Nancy Reardon of the Patriot Ledger reports that the outlook for next year’s state budget is a bit rosier than state leaders expected, but the chances of a full recovery anytime soon are dim.

Some tax collection figures and lottery revenues will come in higher than projected in the current fiscal year that ends in June. But the state’s heavy reliance on one-time money such as federal stimulus funding could slow any chances of a balanced budget for years to come, according to state officials and outside experts who spoke at a legislative hearing on Wednesday.

The 2011 deficit is still projected at $3 billion and unemployment levels are expected to peak next year, but aren’t expected to reflect pre-recession levels any time soon.

In the short-term, the glimmer of hope from any revenue rebound won’t prevent further budget cuts, said Jay Gonzales, the state’s secretary of administration and finance.

The good news came in separate testimony from Department of Revenue Commissioner Navjeet Bal and Treasurer Tim Cahill.

Crediting this past summer’s 25 percent increase in the sales tax, Bal said sales tax receipts have gone up 9.2 percent over the first five months of the fiscal year. In 2011, overall tax revenues should be 3.9 percent higher than this year.

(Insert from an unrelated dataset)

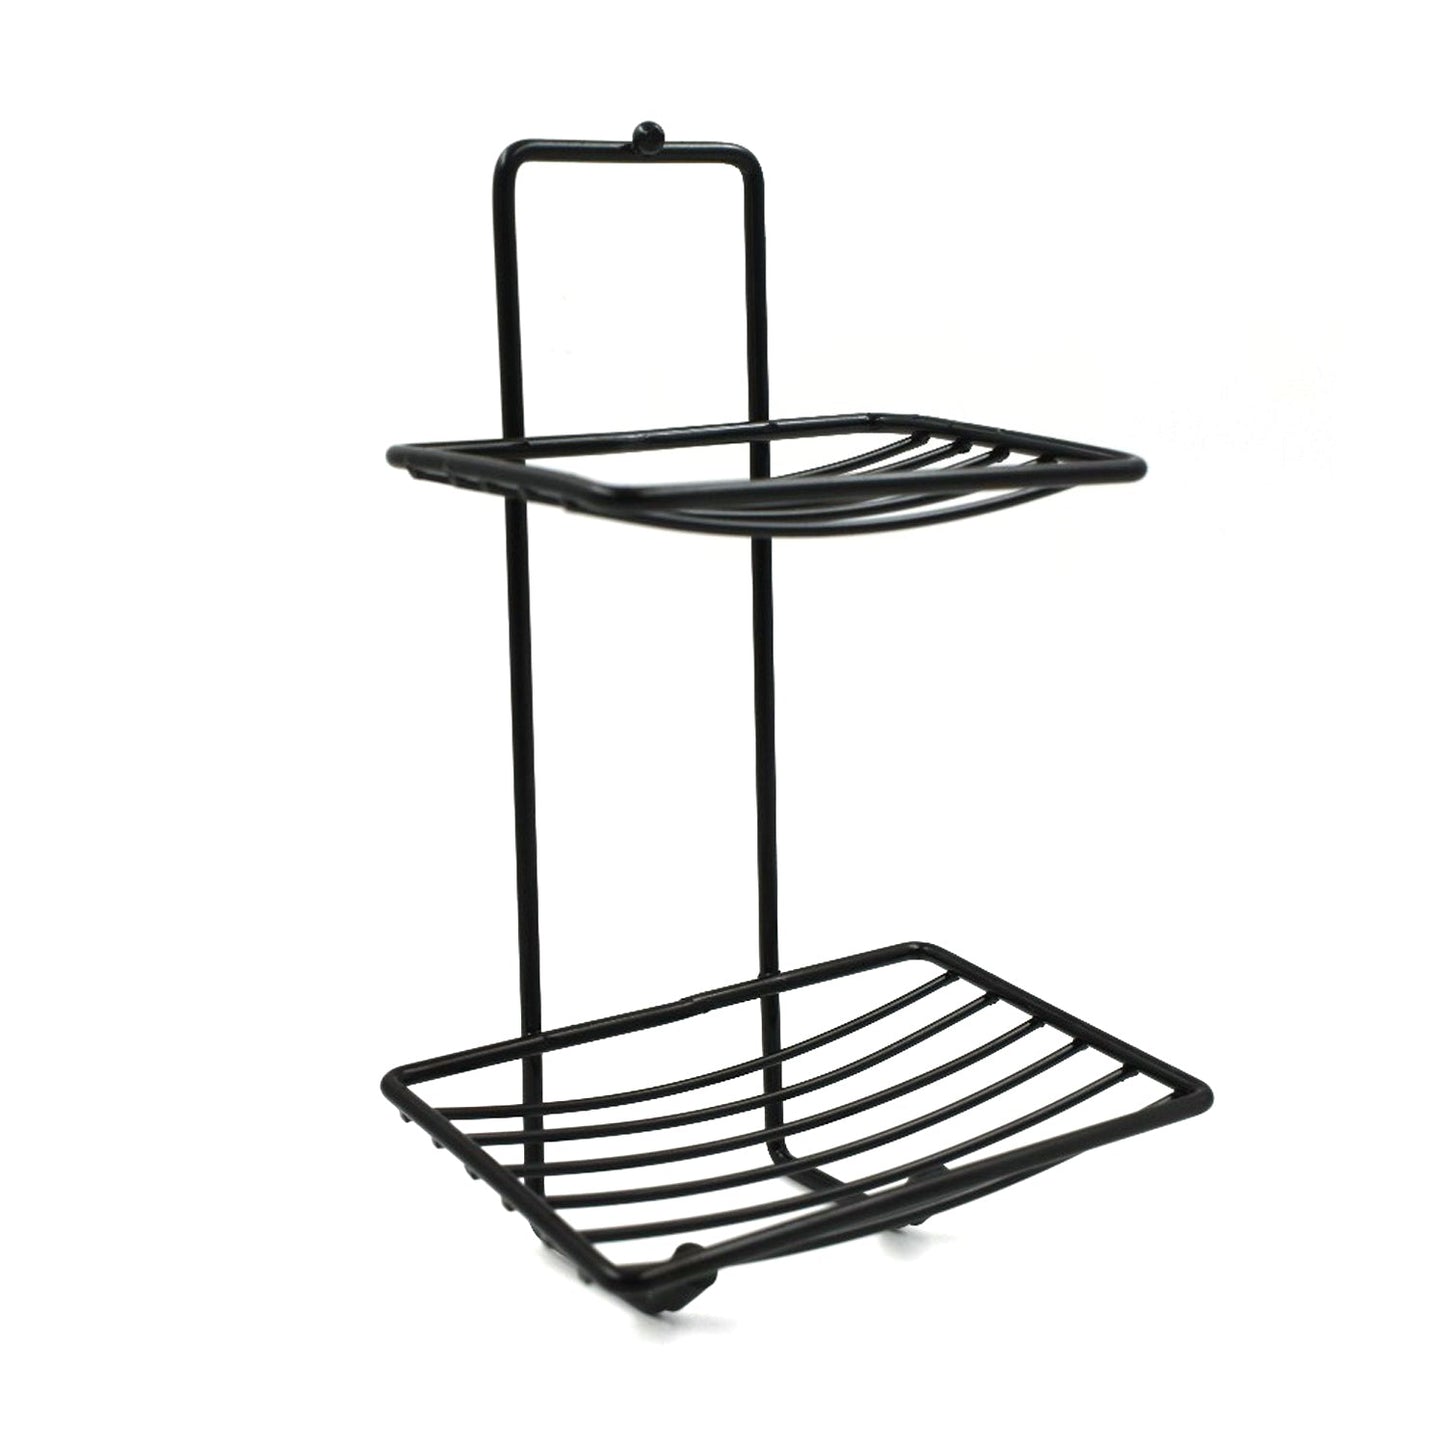 1763A 2 Layer SS Soap Rack used in all kinds of places household and bathroom purposes for holding soaps. - SWASTIK CREATIONS The Trend Point SWASTIK CREATIONS The Trend Point
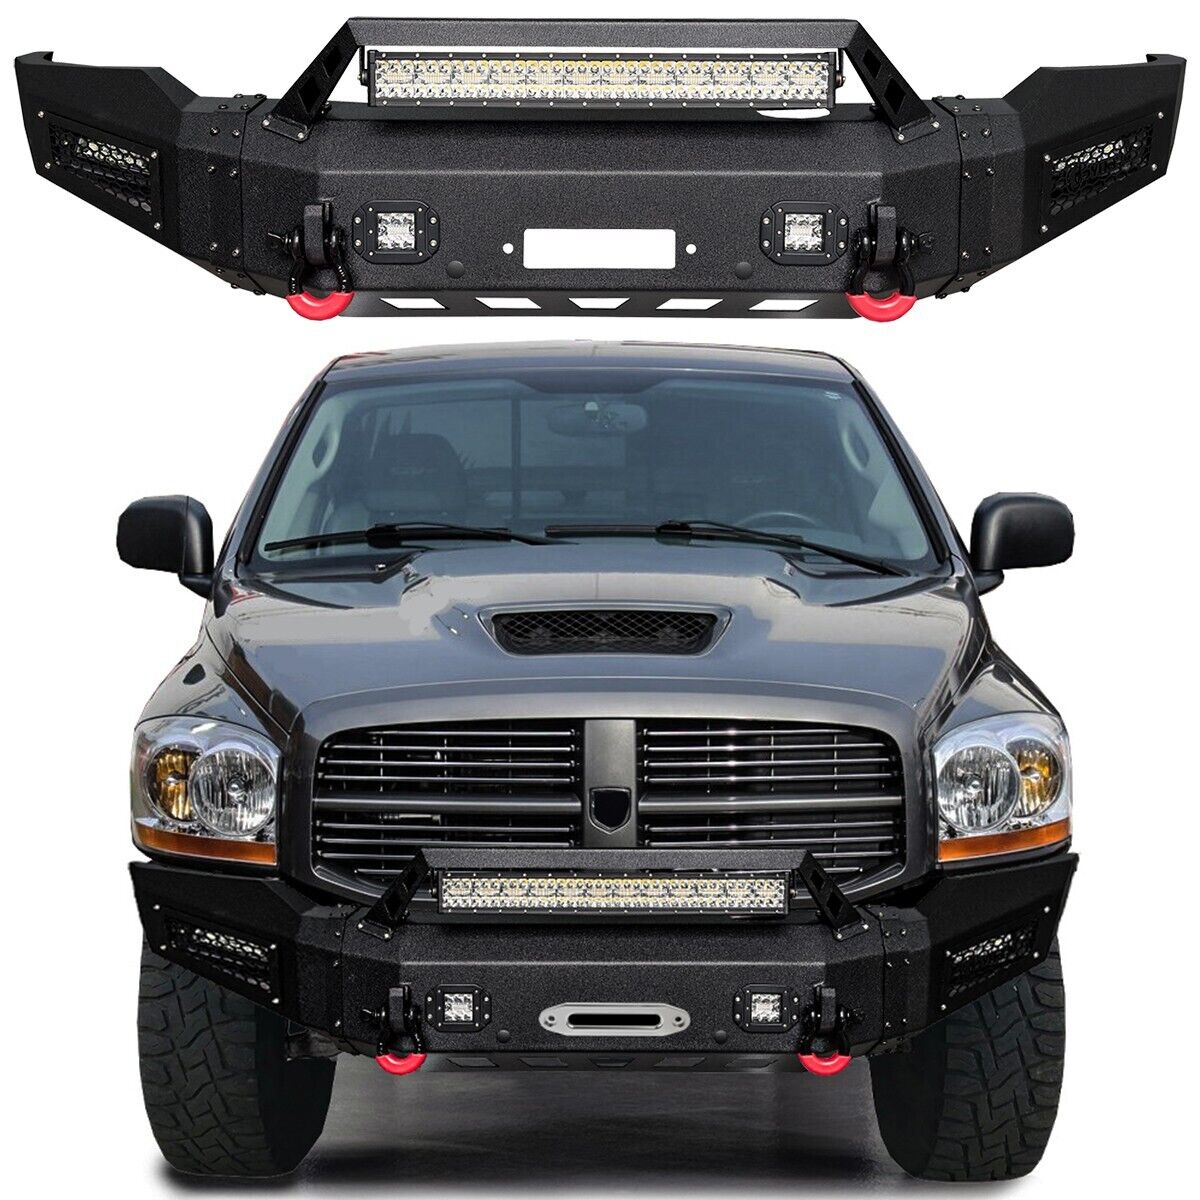 Vijay For 2006-2008 Dodge Ram 1500 Front Bumper with Winch Plate & LED Lights

Cahill – a Quincy resident who’s also running for governor as an independent – told the panel that as of Nov. 30, the state’s pension fund has seen a positive return for the first time since before the recession. It’s climbing back up from its worst year yet in 2008, Cahill said.

“We’re not going to go broke from pension liability problems,” he said.

Lottery sales – which fund the state’s local aid payments to cities and towns – will come in about $35 million higher than initially projected, Cahill said.

“It’s still not more than past years, but it’s better,” he said.

Still, experts warned, revenue won’t solve the state’s problems on its own.